На следующее утро добрались до Манчестера. Там нас встретили хорошо, кормили обедом, сам Брэгг очень мил. Он очень молодой, всего 32 года, но парень в своей области знающий и рассказал нам довольно много забавного. Там же мы встретили проф. Сечфилда, он хорошо говорит по-русски (6 лет был в России), он хочет организовать англо-русский институт и обсуждал его проект с Абрамом Федоровичем. У него мы пили чай.
На будущей неделе мы все приглашены к писателю Уэллсу на обед, куда будут приглашены и английские ученые. Собираемся ехать в Кембридж повидать проф. Резерфорда. […]
Лондон, 13 июля 1921
…Было много работы, и потому не писал. Был у Уэллса на рауте, был также на чае у Райта[23]. Познакомился там с Бернардом Шоу, Содди[24], лордом Холденом[25] и пр. Можно сказать — здорово! Но не буду останавливаться на этом всем, так как есть более важное, о чем тебе надо писать. Дело в том, что, по всей вероятности, я останусь тут на зиму и буду жить в Кембридже и работать у проф. Резерфорда. Он дал свое согласие, мы были у него вчера. Наше представительство тоже согласно оставить меня тут. Не знаю, радоваться мне или нет. Уж очень душа моя болит за вас, мои дорогие. Что вы там будете делать без меня? Но, с другой стороны, [эту] зиму я [бы] работать не мог. А у меня теперь в жизни все, что есть, — это работа, да вы все, мои дорогие.

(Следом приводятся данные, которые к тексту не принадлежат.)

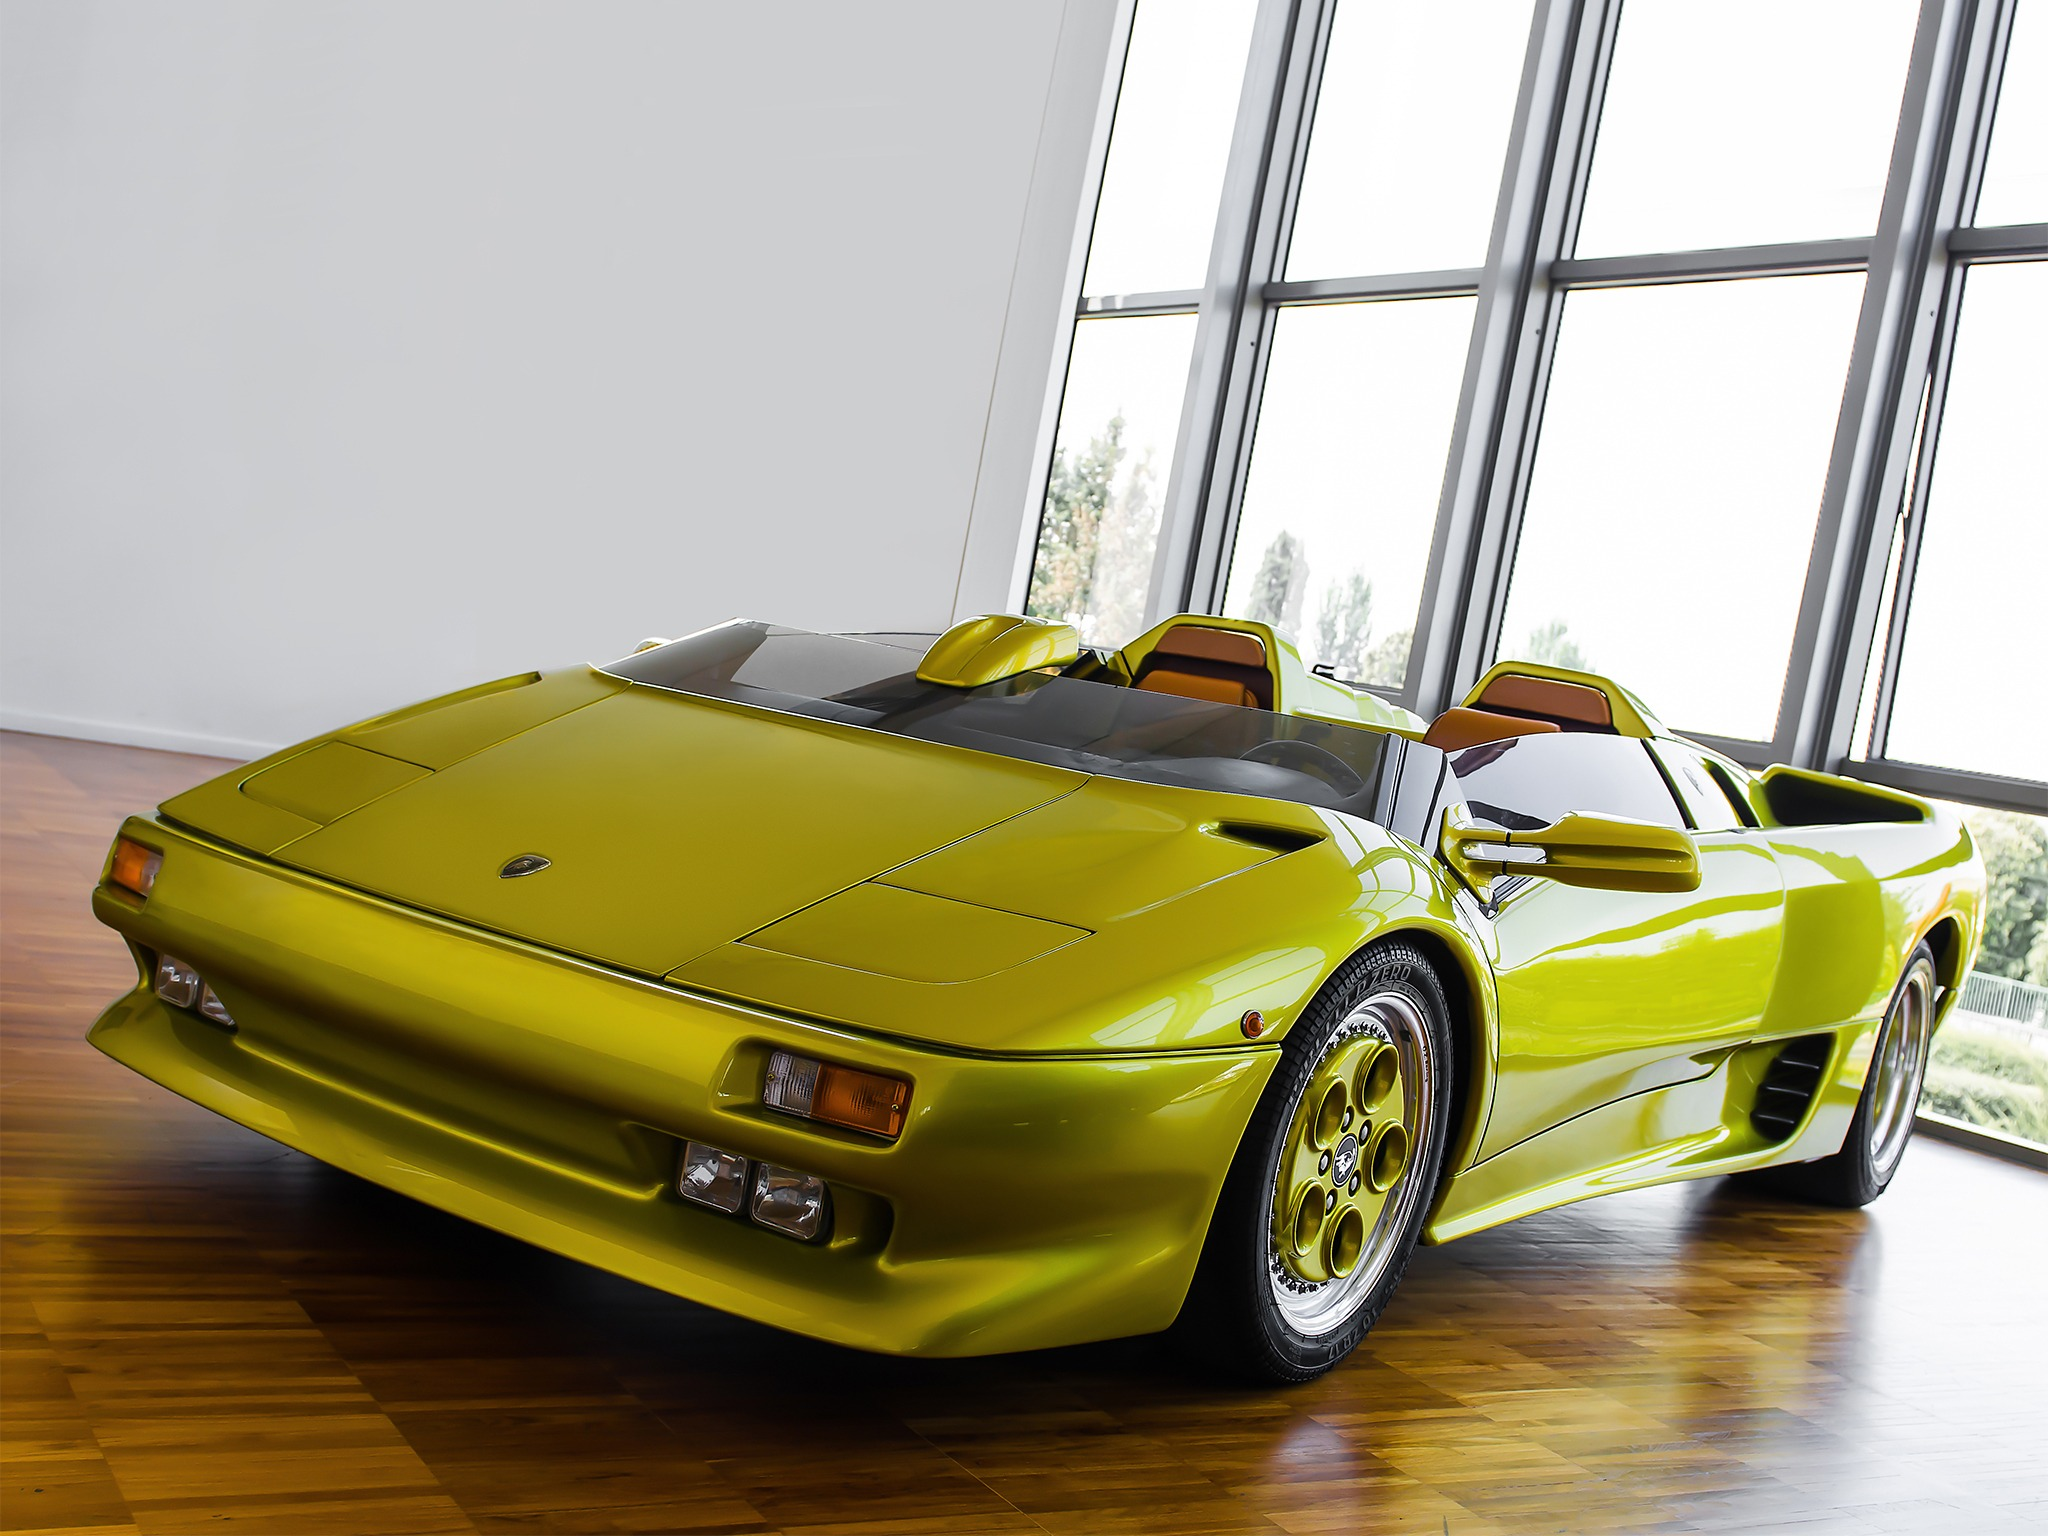 Lamborghini Diablo Roadster Prototype 1992 Old Concept
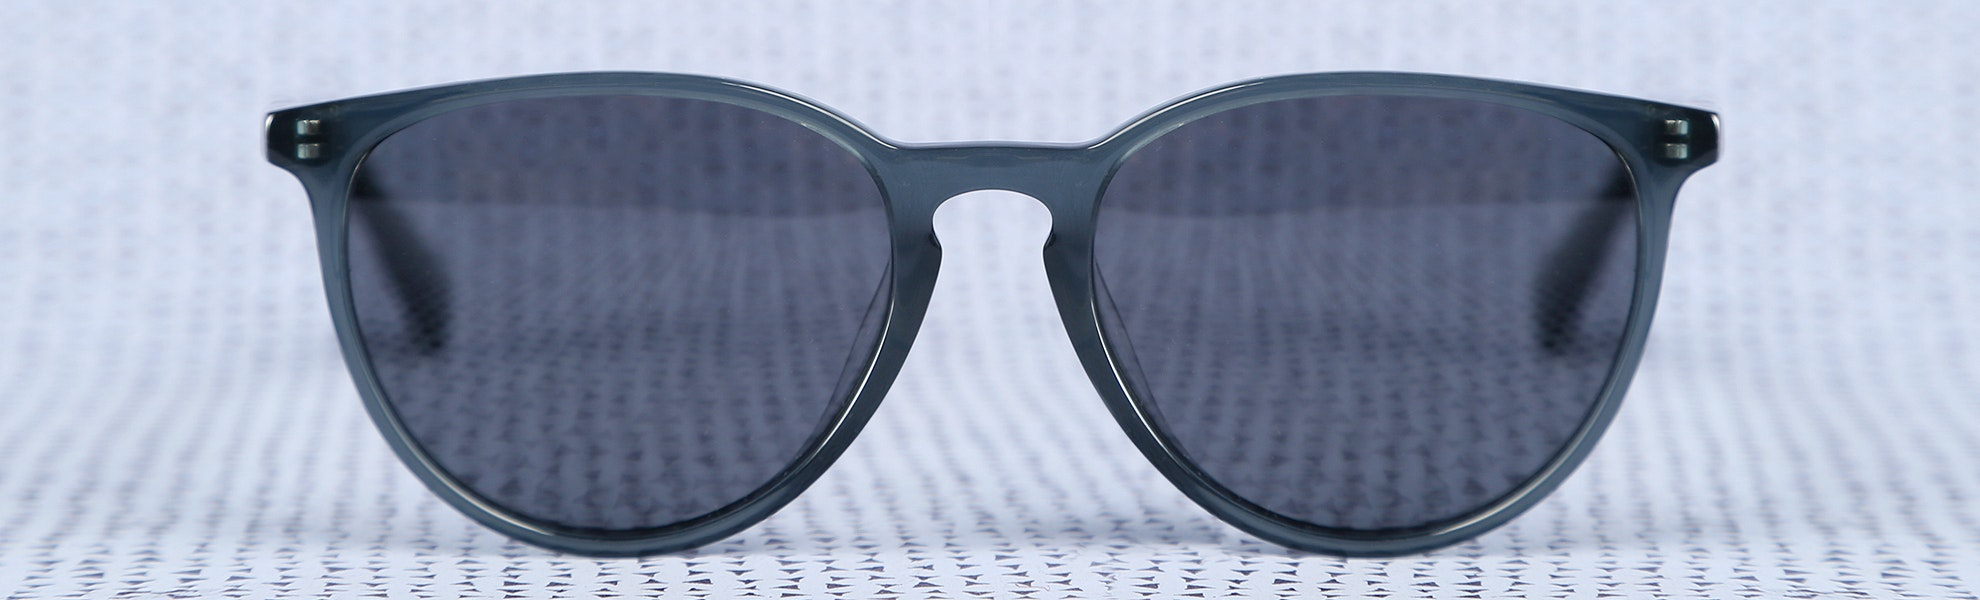 Finlay & Co. Hudson Sunglasses

Я вас постараюсь поддержать. Конечно, я сделаю все, что от меня зависит. Но если я не использую этого счастливого стечения обстоятельств, то, конечно, долго придется ждать. А время идет, и много уже потеряно. Боюсь также за себя, что соскучусь очень среди англичан. Поеду в Кембридж через две недели, и за работу. Тороплюсь кончать закупки тут. […]
Лондон, 24 июля 1921
Сегодня день твоих именин, я помню это и посему поздравляю тебя и желаю тебе всего хорошего.
Это время я очень занят, перебрался из Лондона в Кембридж и начал работать в лаборатории. 22 и 23 числа работал усердно. Но сегодня приехал в Лондон, так как в Кембридже скучно и, кроме того, завтра, в понедельник, у меня кое-какие дела по закупкам.
Что касается моей работы в Кембридже, то пока еще мало ясного. Пока что знакомлюсь с радиоактивными измерениями и делаю просто практикум. Что будет далее, я не знаю. Ничего не задумываю, ничего не загадываю. Поживем, увидим. […]
Кембридж, 12 августа 1921
Получаю теперь от вас письма довольно аккуратно. Это меня очень радует. Беспокоит меня вопрос, как вы будете, когда Леня[26] уедет на Север. Вообще душа моя болит за вас.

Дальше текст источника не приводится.